STORED DATA =>
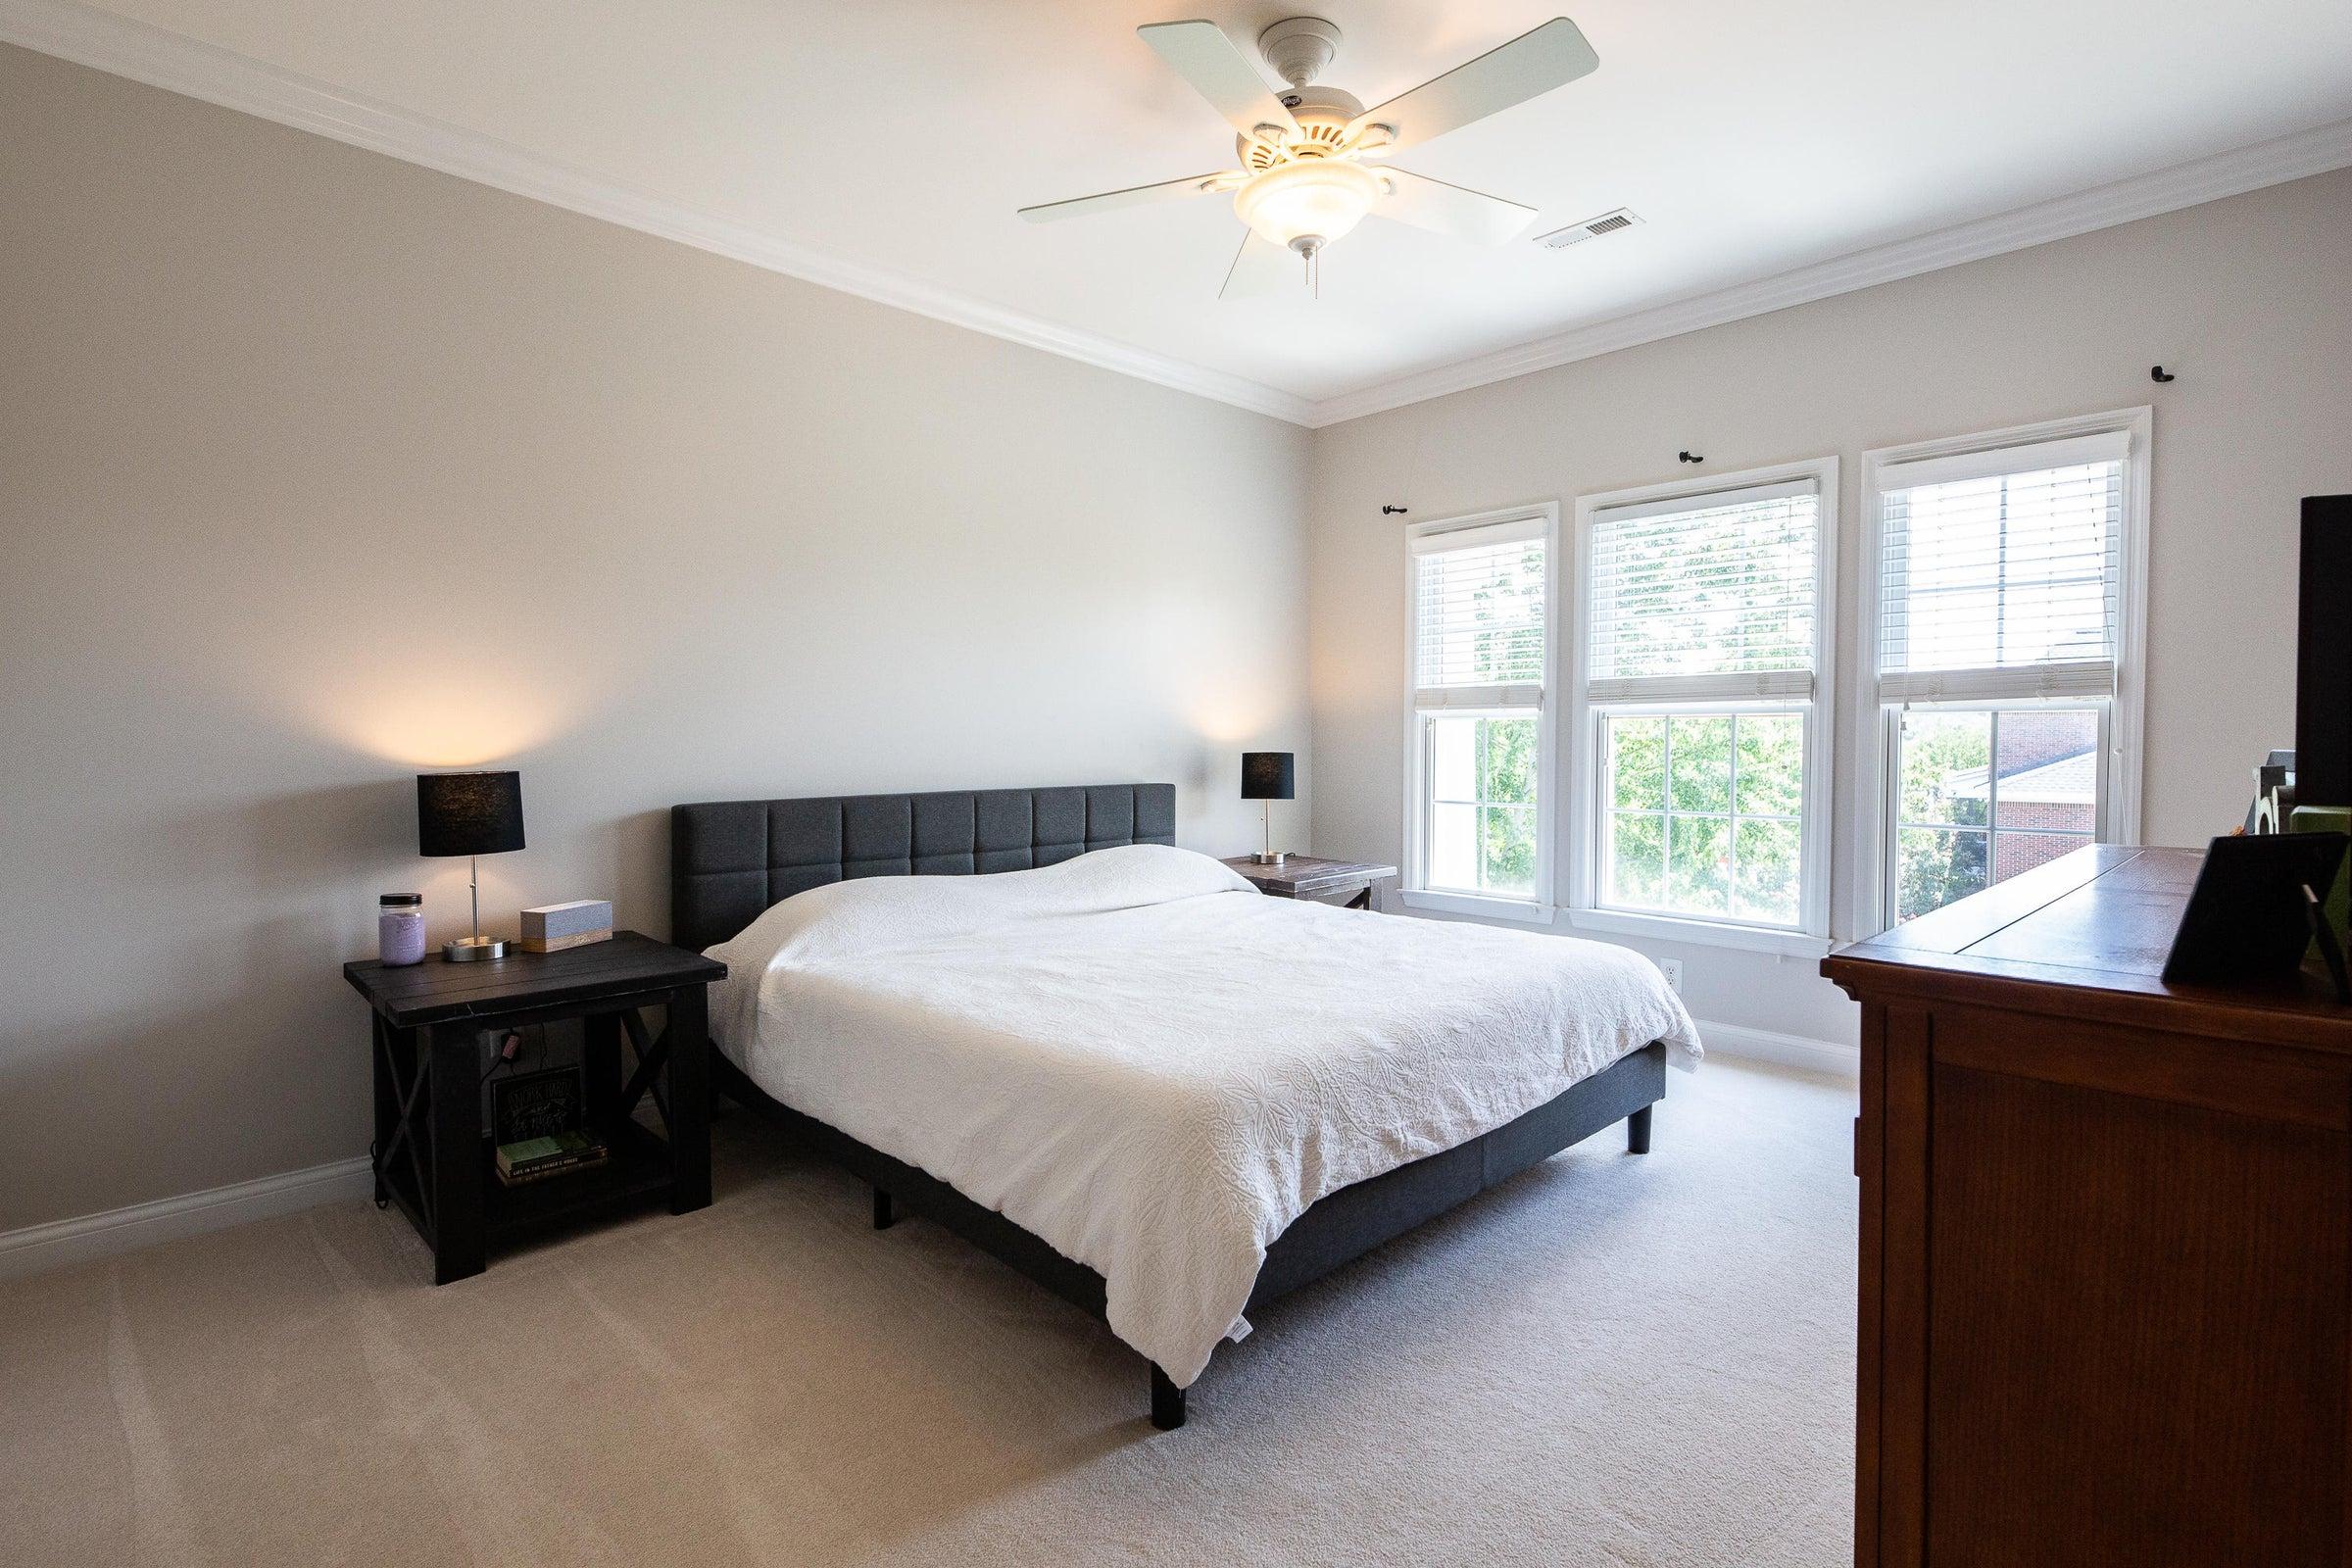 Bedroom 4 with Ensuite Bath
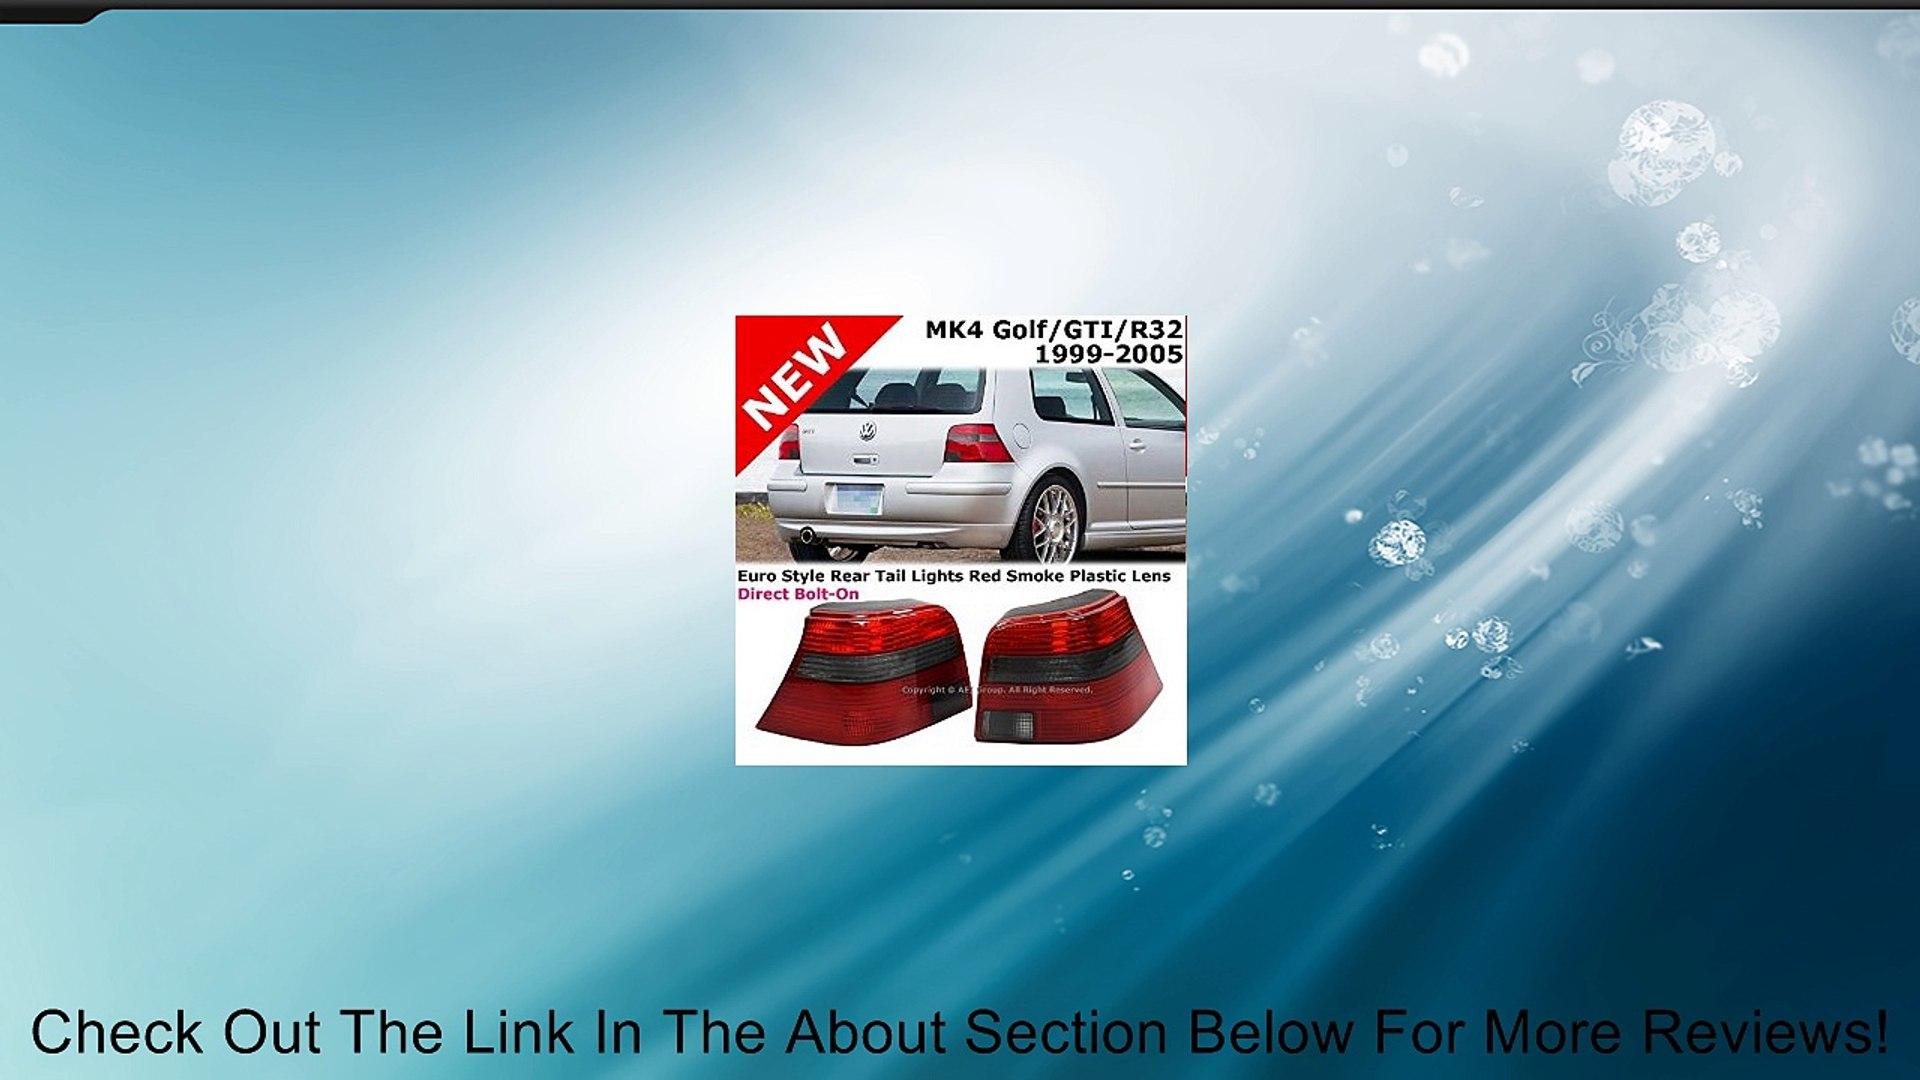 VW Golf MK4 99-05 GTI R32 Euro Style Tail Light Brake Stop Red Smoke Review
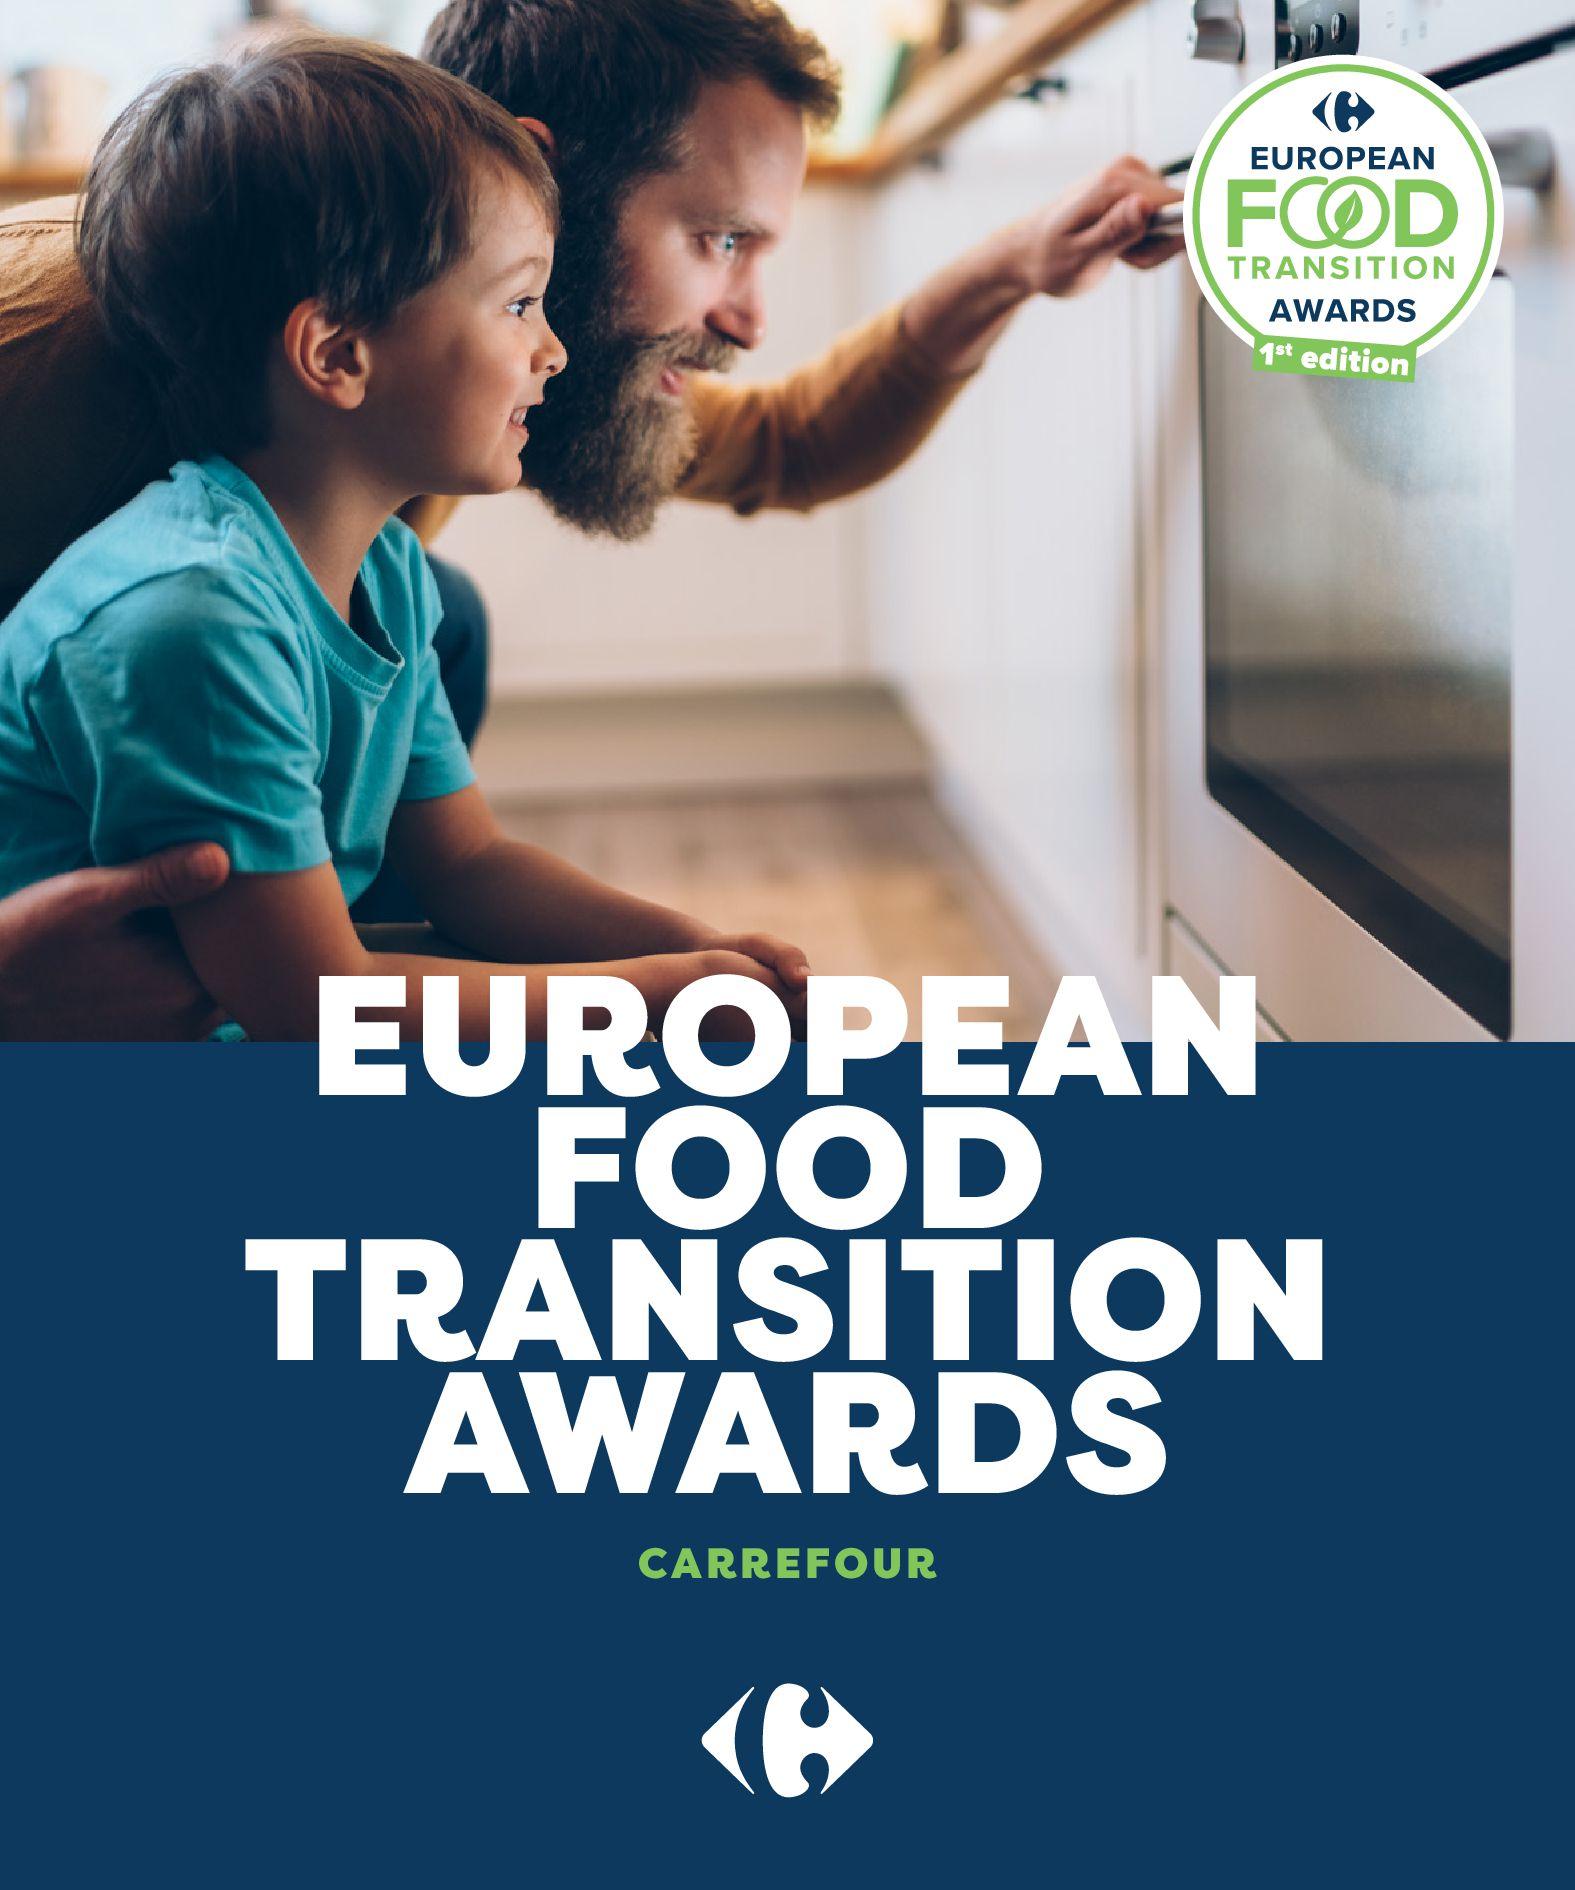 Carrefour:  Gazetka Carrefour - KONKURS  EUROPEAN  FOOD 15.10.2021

TASK OBJECTIVE => Word for word, repeat only the lines from the line containing "VW Golf MK4" through the end of the data, without any pictures.

RESPONSE =>
 VW Golf MK4 99-05 GTI R32 Euro Style Tail Light Brake Stop Red Smoke Review
 Carrefour:  Gazetka Carrefour - KONKURS  EUROPEAN  FOOD 15.10.2021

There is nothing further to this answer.